This Tuesday, a 21-year-old man killed eight people in Georgia, six of them Asian-American women. After Robert Aaron Long was apprehended, he claimed his actions were motivated by sex addiction rather than race. Law enforcement appeared to take him at his word, with the Cherokee County police captain and spokesman for the case county chalking up the murder spree to “a bad day.”
This comment promptly drew widespread criticism, and the captain has been removed from the case. “This [captain] really offended a lot of Asian-Americans, and a lot of Americans in general,” Stanley Mark, Senior Staff Attorney for the Asian American Legal Defense and Education Fund, told GQ. Given that the shooter ignored nearby strip clubs in favor of massage parlors, and reports in local Korean-language newspapers that he shouted, “I’m going to kill all the Asians” during the attack, the official statement seemed premature at best, and willfully ignorant at worst. In fact, according to legal experts, not only was racism likely a factor in the shootings, but Long could be charged with hate crimes in addition to murder. So why hasn’t that happened yet?
From a legal perspective, hate crimes—a criminal act perpetrated on the basis of someone’s race, religion, gender, nationality, or sexual orientation—can be tricky. Though they’ve been a federal crime since 1968, not every state has hate crime laws, and different states recognize different forms of bias. Notably, states in which two of the most infamous hate crimes in US history occurred still don’t have hate crime laws on the books: Wyoming, where Matthew Shepherd was murdered, and South Carolina, where neo-Nazi Dylann Roof killed 9 people at Mother Emanuel AME church.

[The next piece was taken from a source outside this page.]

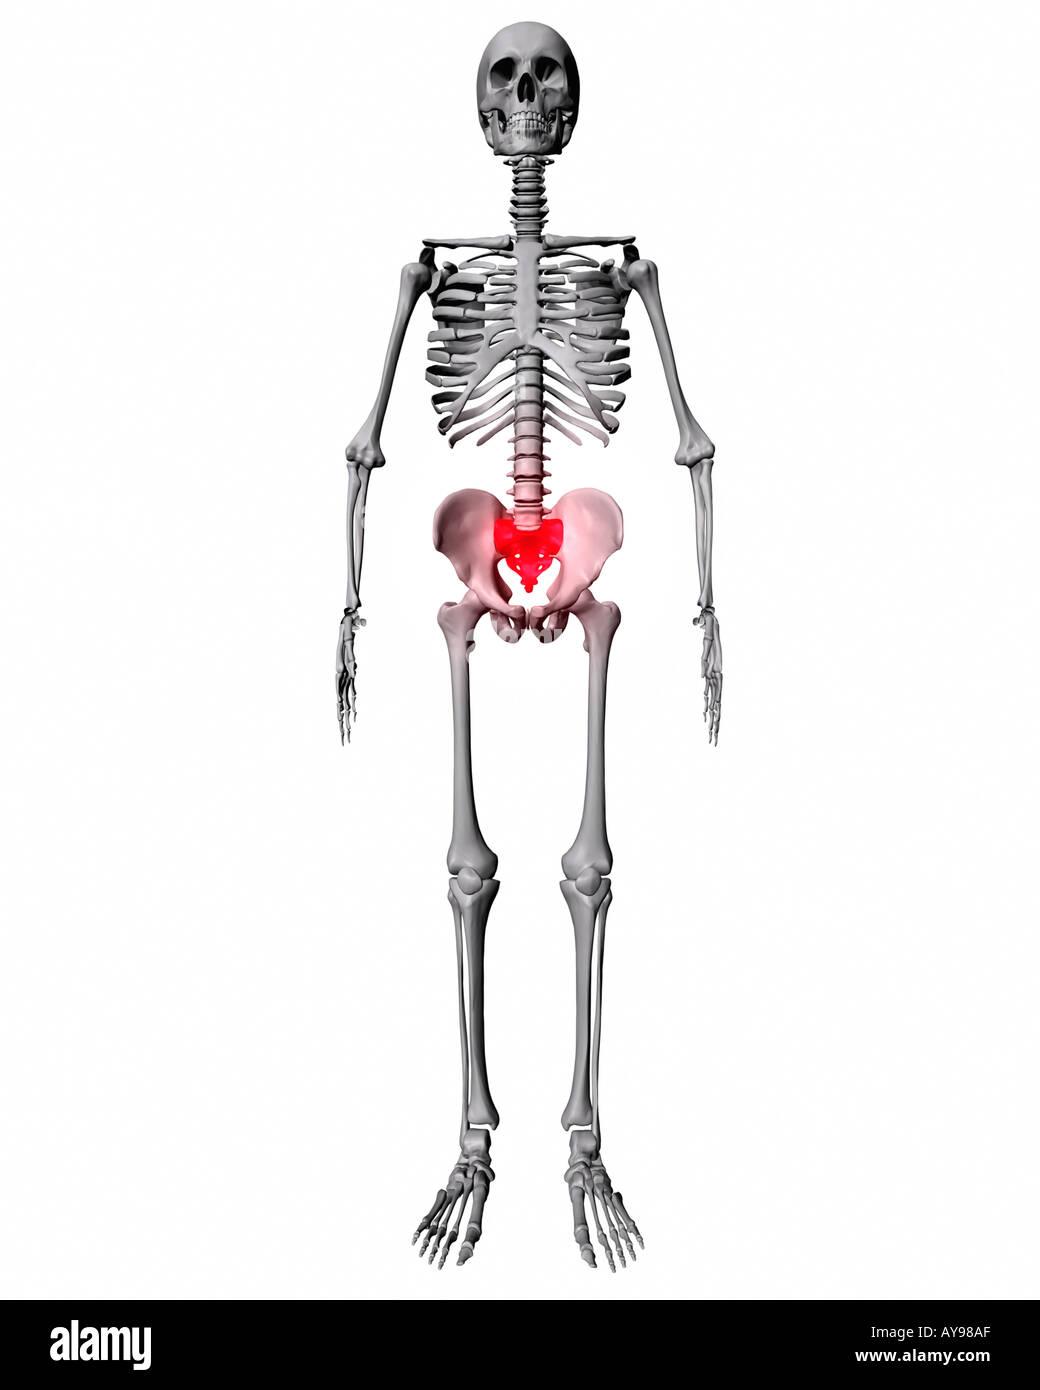 Sacrum highlighted red on skeleton stock photo 1808558 alamy sacrum highlighted red on skeleton ccuart Choice Image

Georgia itself didn’t recognize hate crimes until last year, when legislation drew bipartisan support after the murders of Ahmaud Arbery and Rayshard Brooks. But State Representative Karen Bennett, who sponsored the legislation last year, notes that Georgia’s hate crime law “was a soft bill, easy to read and to understand.” This week’s attack is the most high-profile hate crime in Georgia since the bill passed. “It’ll be a test case, won’t it?” said Bennett.
Certain acts, like burning a cross in someone’s yard or desecrating a church, are automatically hate crimes. In cases like the attack in Georgia, however, the state must first prove a person committed a crime, then additionally show that the crime was motivated by bias in order to add further jail time to their sentence. Penalty enhancements can be difficult to get because they require the prosecution to demonstrate a specific motive—which makes the report that Long shouted about killing Asians extra important. But law enforcement can still investigate a person’s background for signs of bias: their Facebook activity, known affiliations, etc.
“It’s very much in the prosecutor’s discretion as to whether he or she seeks an advanced penalty for a hate crime,” said Scott McCoy, Interim Deputy Legal Director of the Southern Poverty Law Center. “If the prosecutor thinks there’s a possibility that he or she is going to seek the sentencing enhancement later on, he or she is going to want the investigators to be looking for evidence that supports the notion that the victim is chosen because of race or sex.”
This is why the early narrative coming out of Georgia is so troubling. “At the very least at the investigative level, this should be classified [as a hate crime],” said Mark. While the legal question of whether the shooter committed a hate crime is technically secondary in terms of the legal process, the investigation that lays the groundwork for such a conviction is happening right now. “So the prosecutors have to be signalling to law enforcement, ‘Look, if I’m going to successfully prosecute this as a hate crime, I need you guys to do more than ask the defendant whether or not he did it because of race,’” McCoy said.